Question

The enthalpy of vaporization of trichloromethane (chloroform, CHCl3) is 29.4 kJ mol−1 at its normal boiling point of 334.88 K. Calculate (i) the entropy of vaporization of trichloromethane at this temperature and (ii) the entropy change of the surroundings.

Answer 1

a) the entropy of vaporization is ΔS = 0.08779 kJ/(mol*K)

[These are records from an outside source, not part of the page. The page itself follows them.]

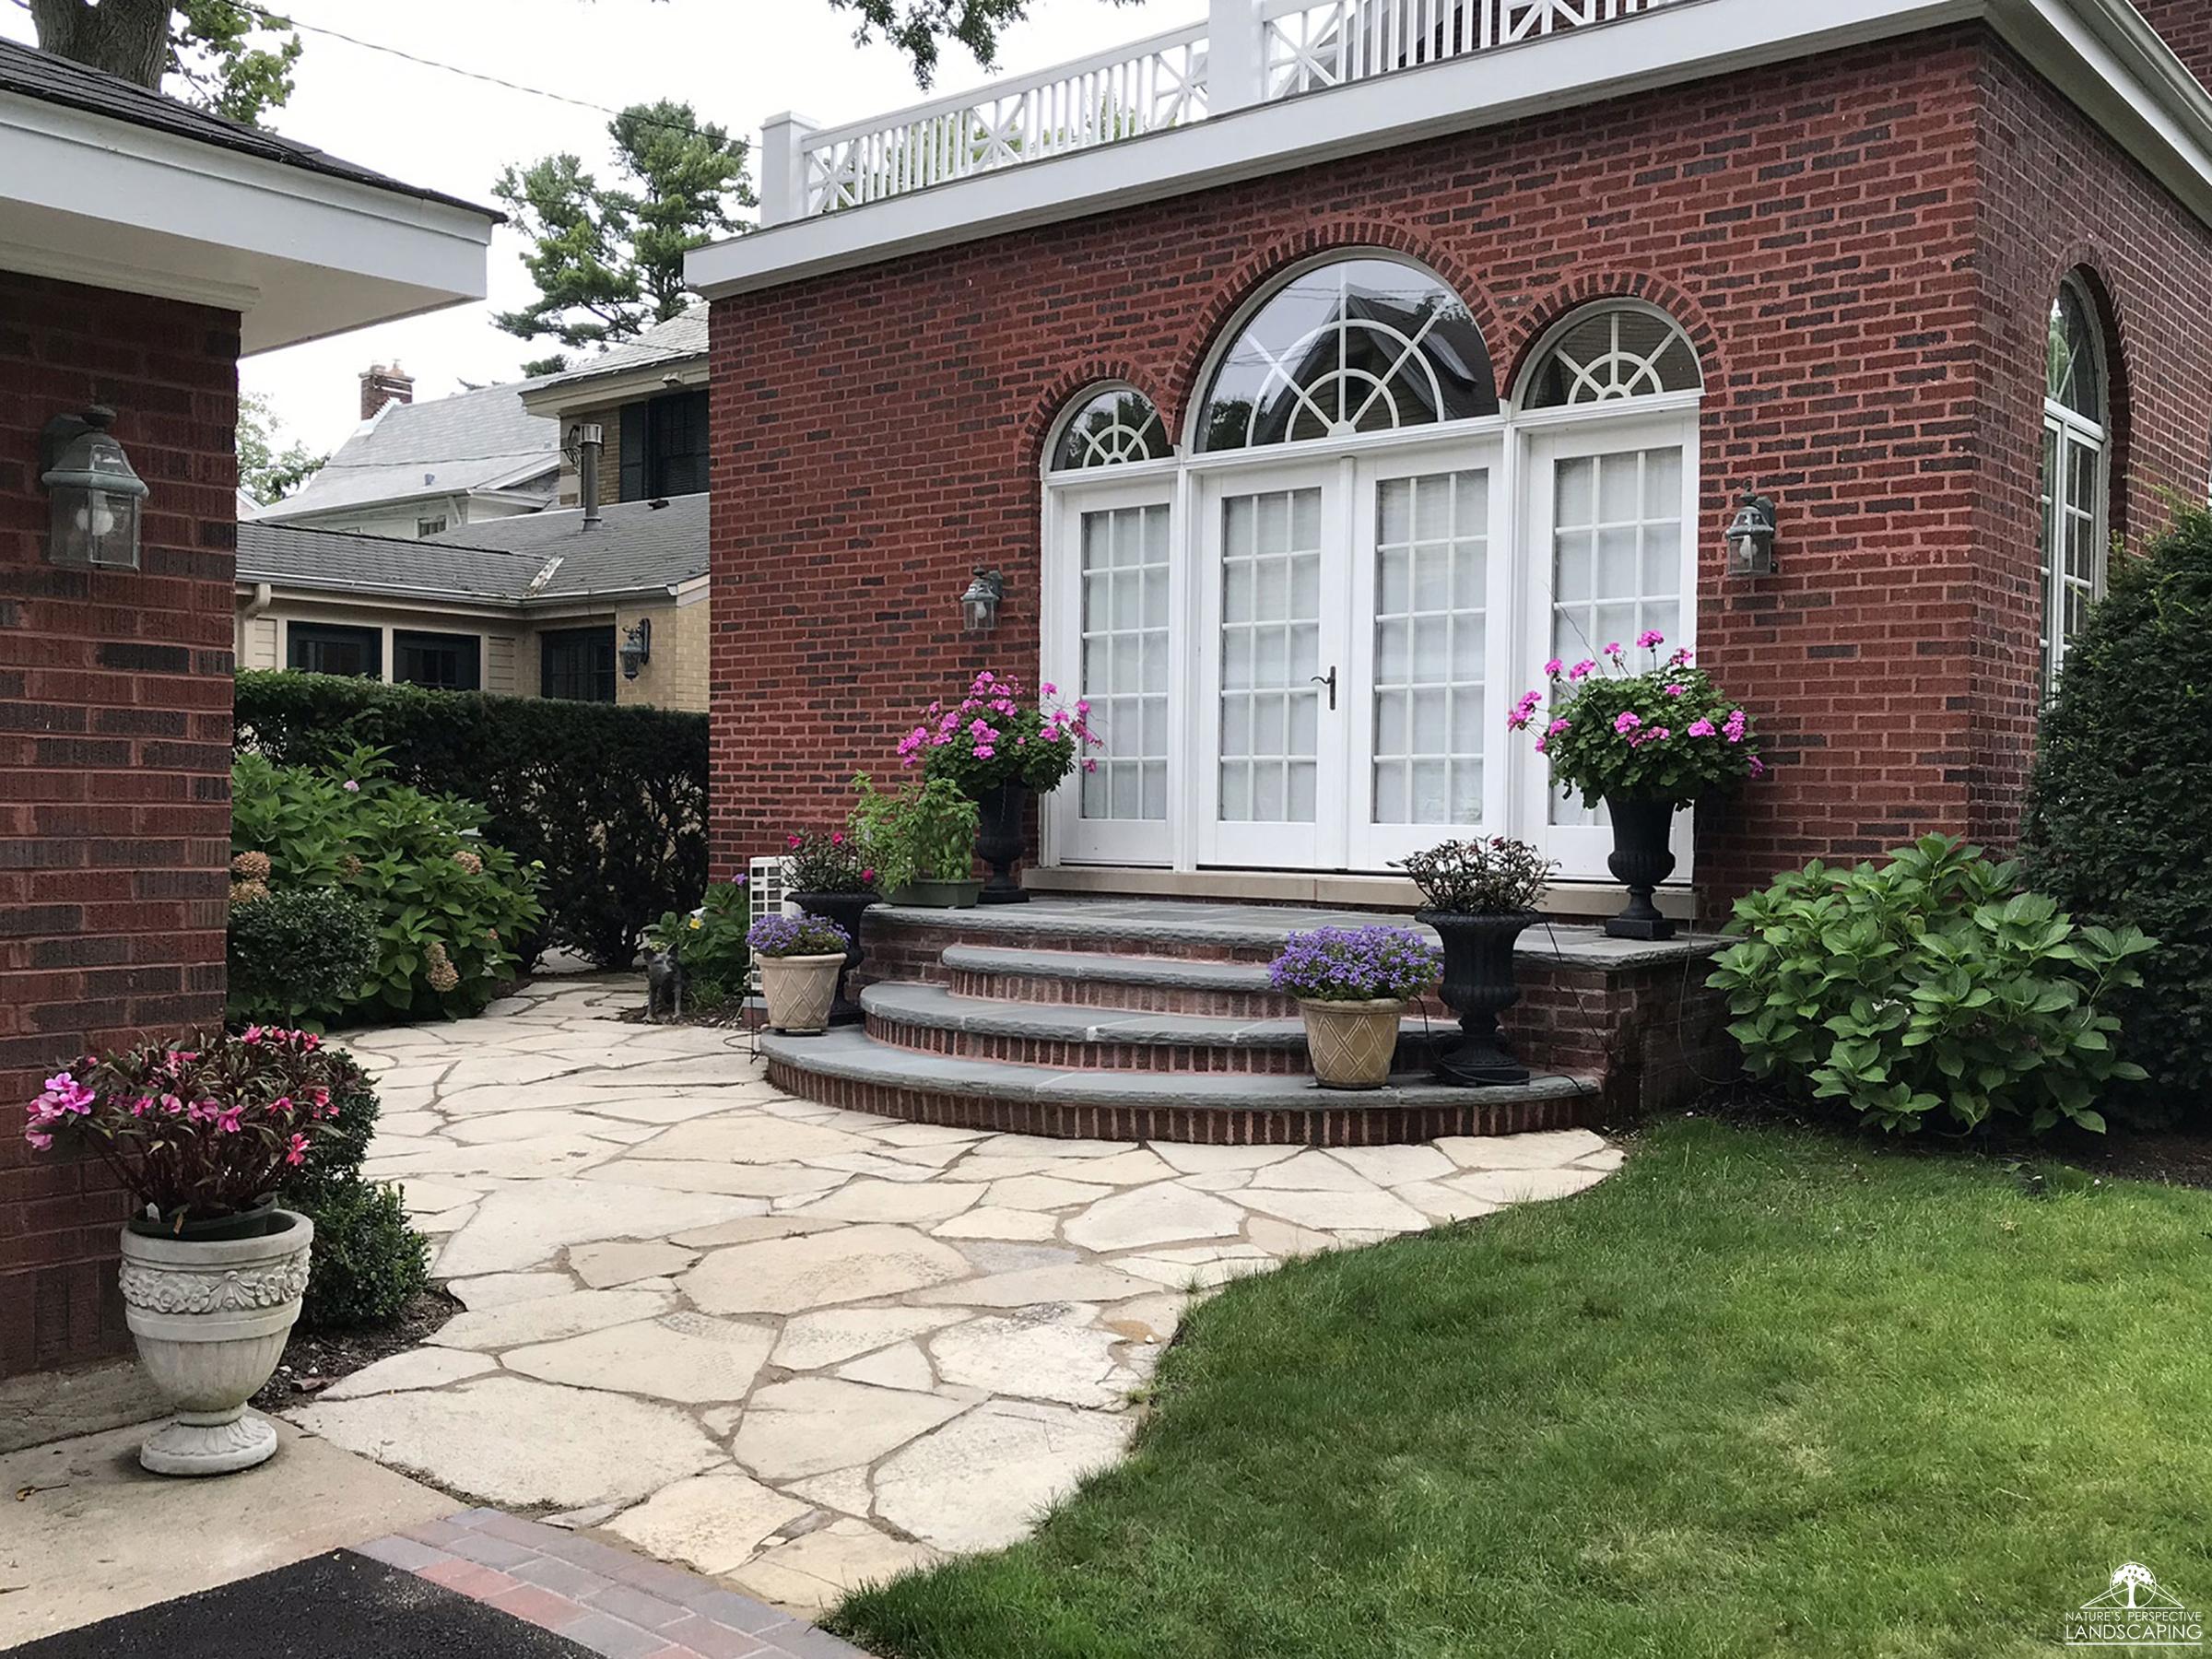 French doors with bluestone and brick stoop, steps and limestone patio
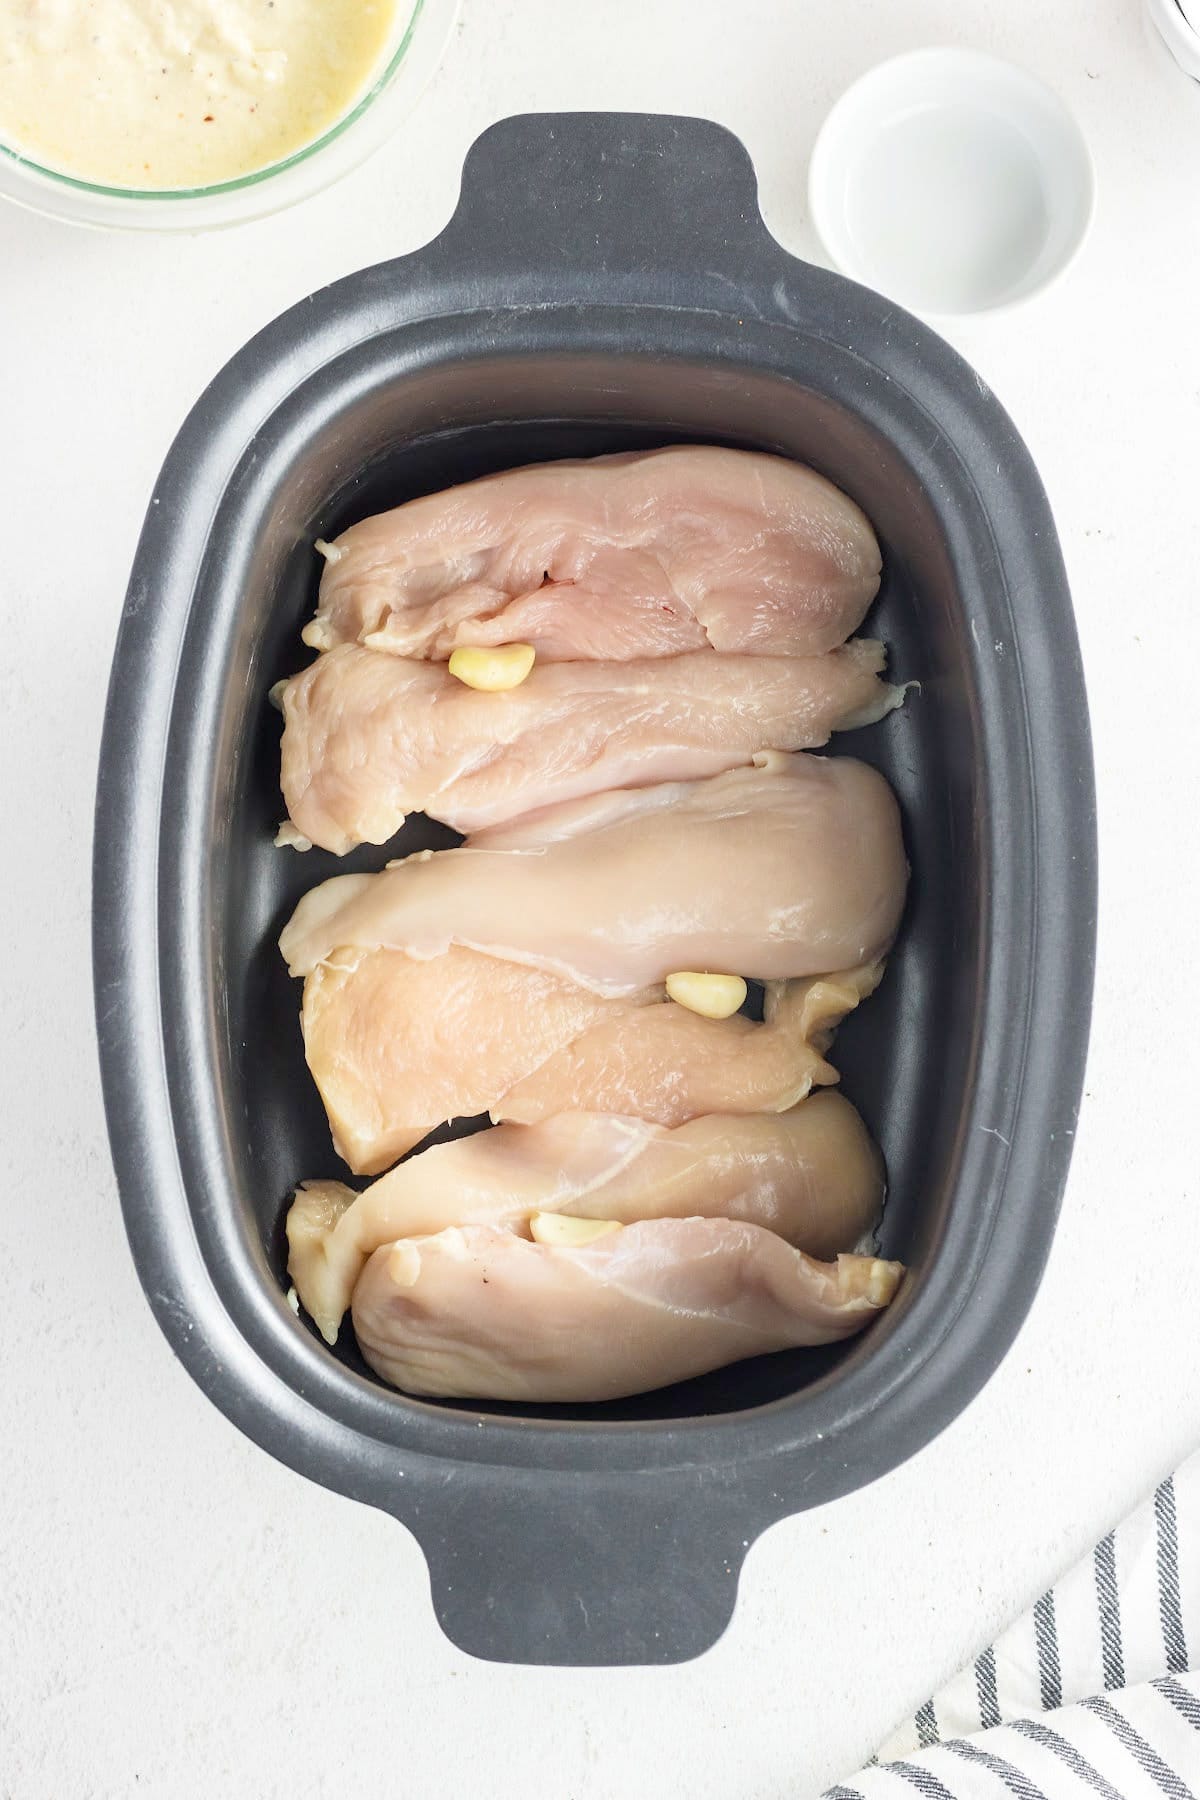 Add chicken and garlic to slow cooker.
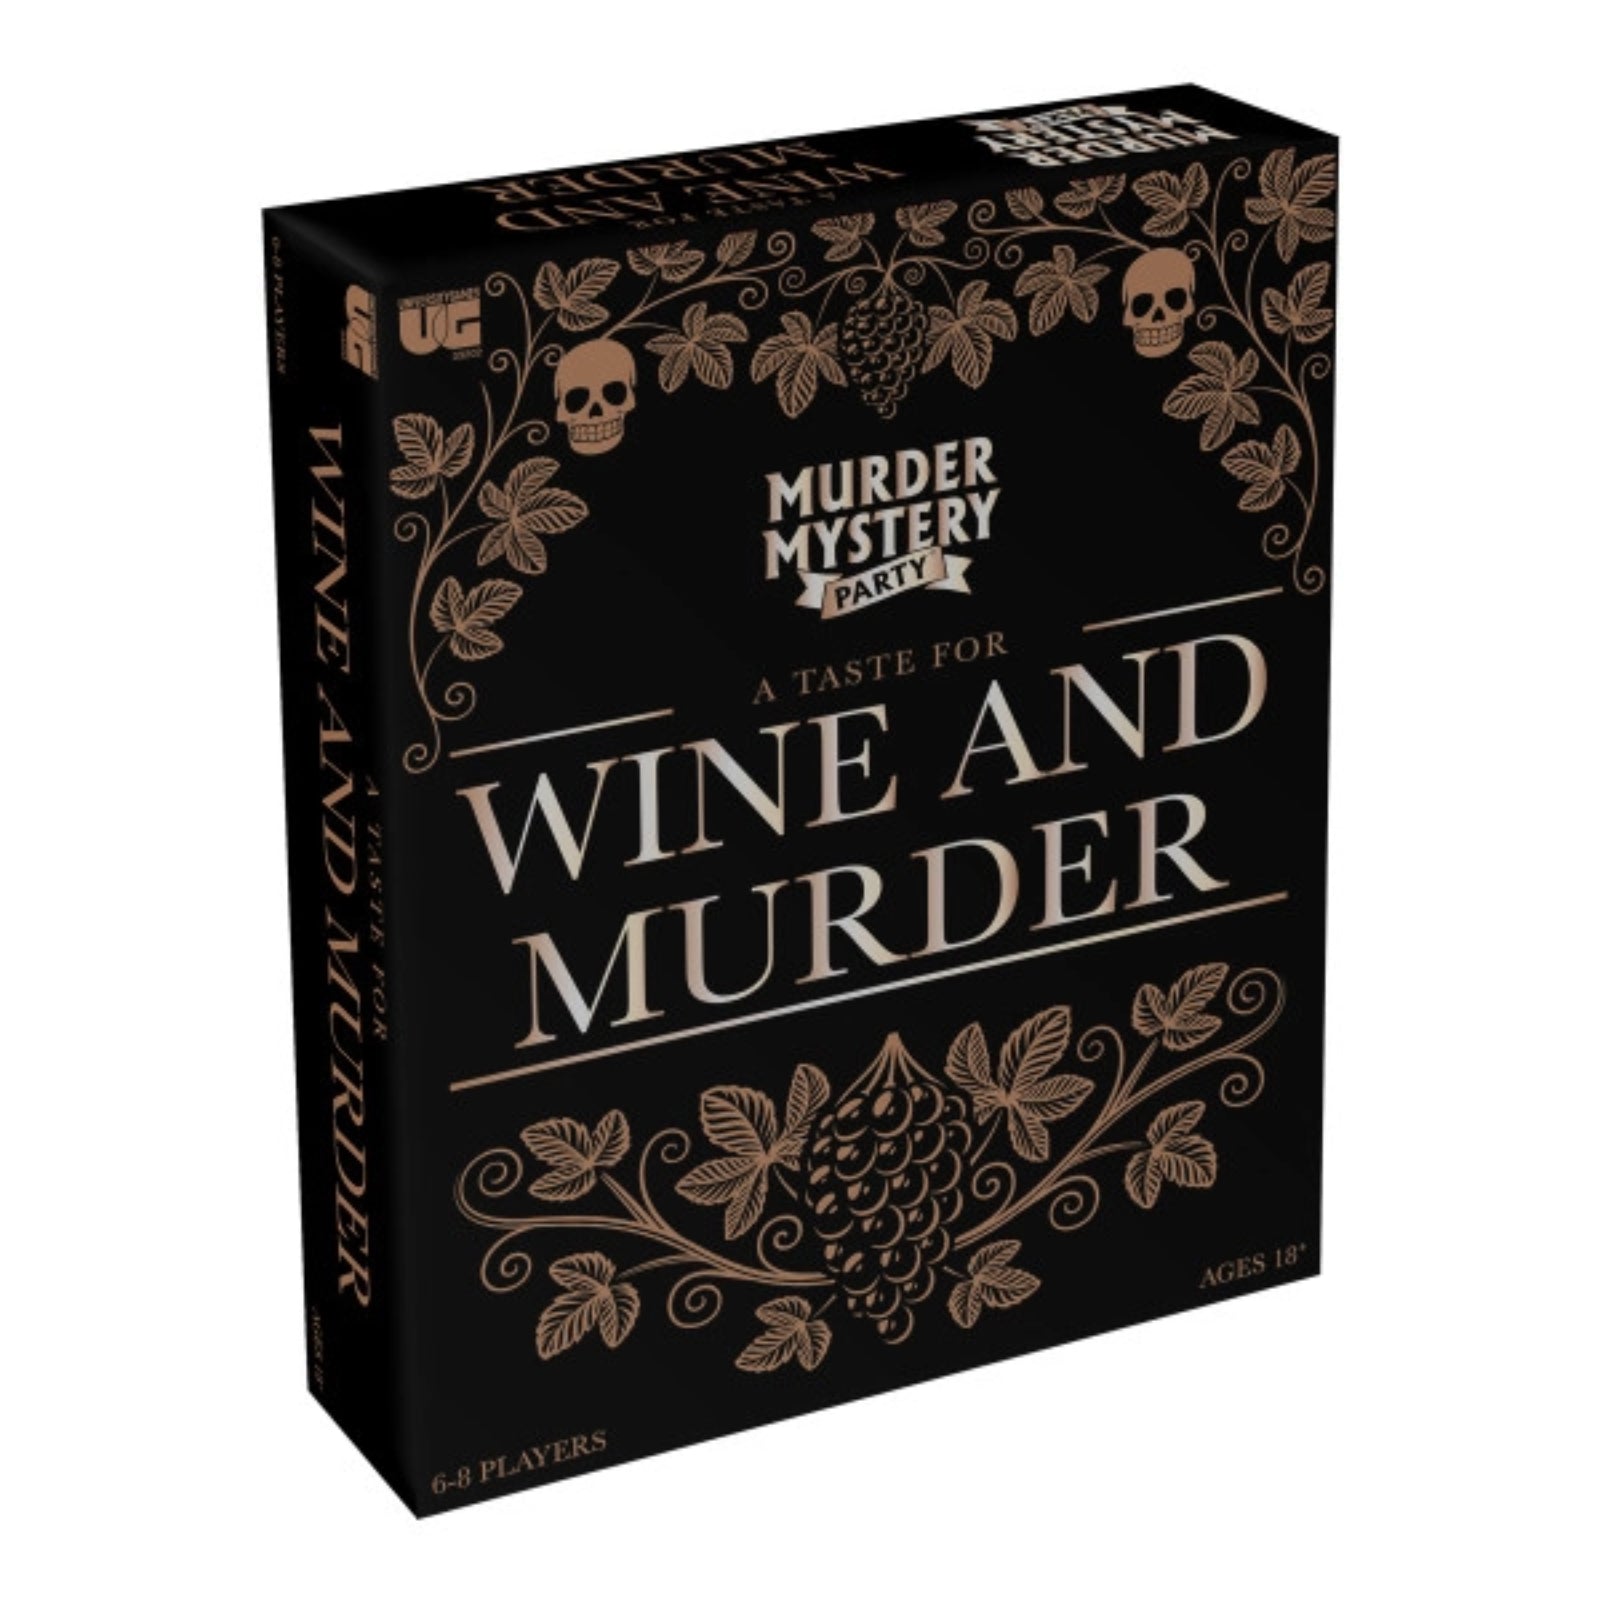 A Taste for Wine and Murder - Murder Mystery Party

b) the entropy of the surroundins is ΔS surr ≥ -0.08779 kJ/(mol*K )

Step-by-step explanation:

from the second law of thermodynamics

ΔS ≥ ∫dQ /T

where ΔS= change in entropy of trichloromethane , Q= heat exchanged with the surroundings, T= absolute temperature

since the boiling of trichloromethane is at constant temperature if it is in a pure state ( with no other substances), then

ΔS ≥ ∫dQ /T = 1/T ∫dQ = ΔH/T

ΔS ≥ ΔH/T

since the process is also reversible

ΔS = ΔH/T = 29.4 kJ mol−1/ 334.88 K = 0.08779 kJ/(mol*K)

for the surroundings

ΔS universe = ΔS + ΔS surr ≥ 0 (the entropy of the universe always increases)

ΔS surr ≥ -ΔS = -0.08779 kJ/(mol*K)

ΔS surr ≥ -0.08779 kJ/(mol*K )